Gascoyne shook his head. He hated clashing and conflict above all
things, and was for peace. Why should they thus rush to thrust
themselves into trouble? Let matters abide as they were a little
longer; surely life was pleasant enough without turning it all
topsy-turvy. Then, with a sort of indignation, why should Myles,
who had only come among them a month, take such service more to
heart than they who had endured it for years? And, finally, with
the hopefulness of so many of the rest of us, he advised Myles to
let matters alone, and they would right themselves in time.
But Myles's mind was determined; his active spirit could not
brook resting passively under a wrong; he would endure no longer,
and now or never they must make their stand.
"But look thee, Myles Falworth," said Gascoyne, "all this is not
to be done withouten fighting shrewdly.
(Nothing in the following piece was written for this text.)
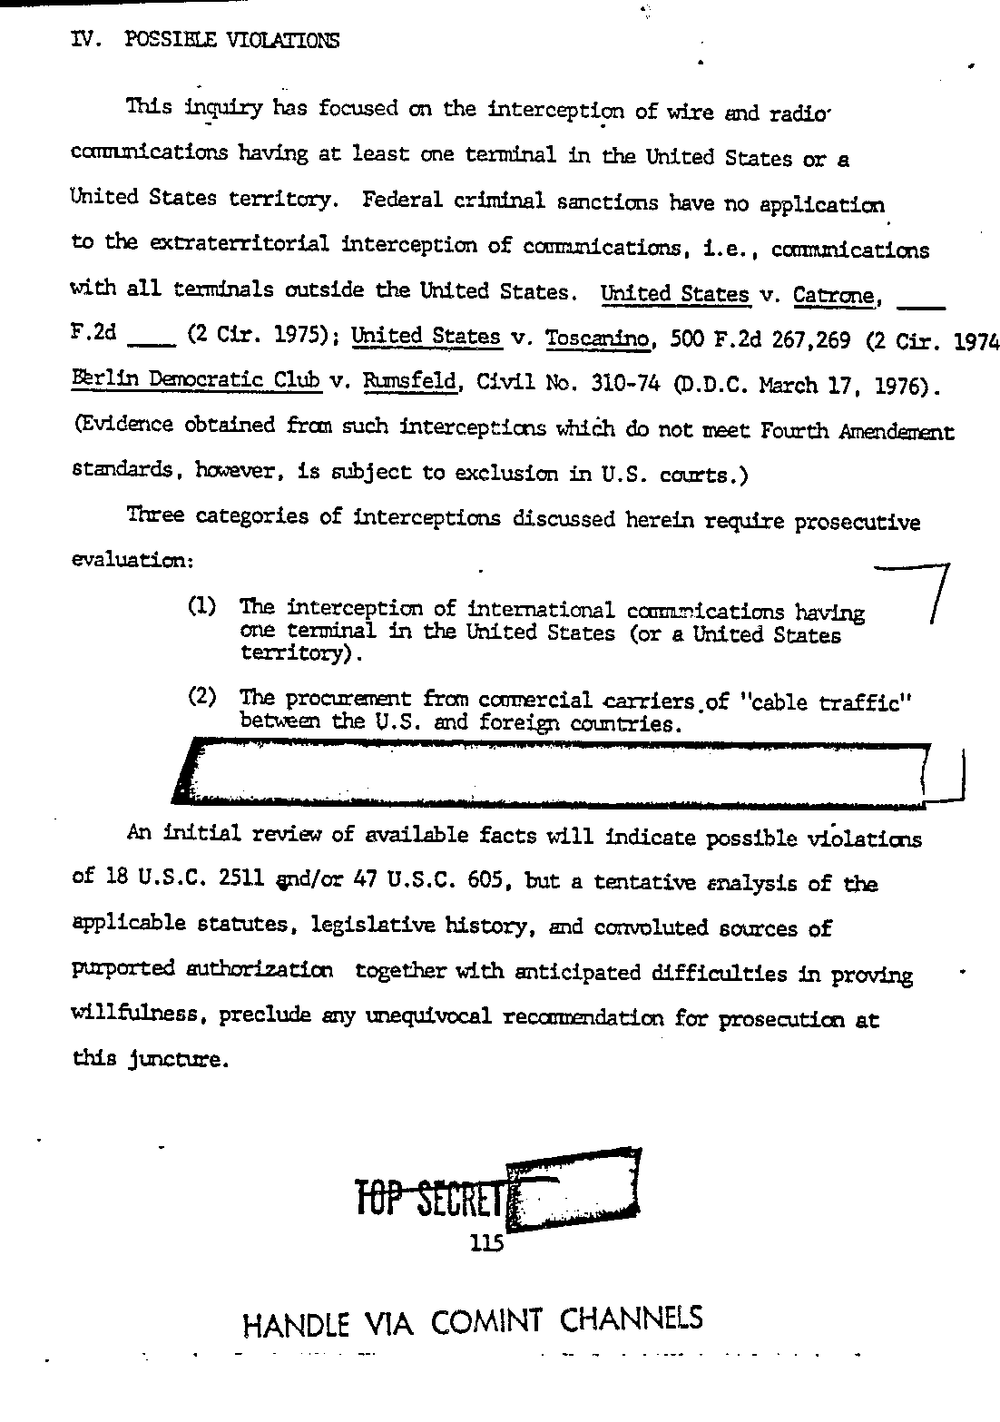 Page 123 from Report on Inquiry Into CIA Related Electronic Surveillance Activities

Wilt thou take that
fighting upon thine own self? As for me, I tell thee I love it
not."
"Why, aye," said Myles; "I ask no man to do what I will not do
myself."
Gascoyne shrugged his shoulders. "So be it," said he. "An thou
hast appetite to run thy head against hard knocks, do it i'
mercy's name! I for one will stand thee back while thou art
taking thy raps."
There was a spirit of drollery in Gascoyne's speech that rubbed
against Myles's earnestness.
"Out upon it!" cried he, his patience giving way. "Seest not that
I am in serious earnest? Why then dost thou still jest like Mad
Noll, my Lord's fool? An thou wilt not lend me thine aid in this
matter, say so and ha' done with it, and I will bethink me of
somewhere else to turn."
Then Gascoyne yielded at once, as he always did when his friend
lost his temper, and having once assented to it, entered into the
scheme heart and soul. Three other lads--one of them that tall
thin squire Edmund Wilkes, before spoken of-- were sounded upon
the subject. They also entered into the plan of the secret
organization with an enthusiasm which might perhaps not have been
quite so glowing had they realized how very soon Myles designed
embarking upon active practical operations. One day Myles and
Gascoyne showed them the strange things that they had discovered
in the old tower--the inner staircases, the winding passage-ways,
the queer niches and cupboard, and the black shaft of a well that
pierced down into the solid wall, and whence, perhaps, the old
castle folk had one time drawn their supply of water in time of
siege, and with every new wonder of the marvellous place the
enthusiasm of the three recruits rose higher and higher. They
rummaged through the lumber pile in the great circular room as
Myles and Gascoyne had done, and at last, tired out, they
ascended to the airy chapel, and there sat cooling themselves in
the rustling freshness of the breeze that came blowing briskly in
through the arched windows.
It was then and there that the five discussed and finally
determined upon the detailed plans of their organization,
canvassing the names of the squirehood, and selecting from it a
sufficient number of bold and daring spirits to make up a roll of
twenty names in all.
Gascoyne had, as I said, entered into the matter with spirit, and
perhaps it was owing more to him than to any other that the
project caught its delightful flavor of romance.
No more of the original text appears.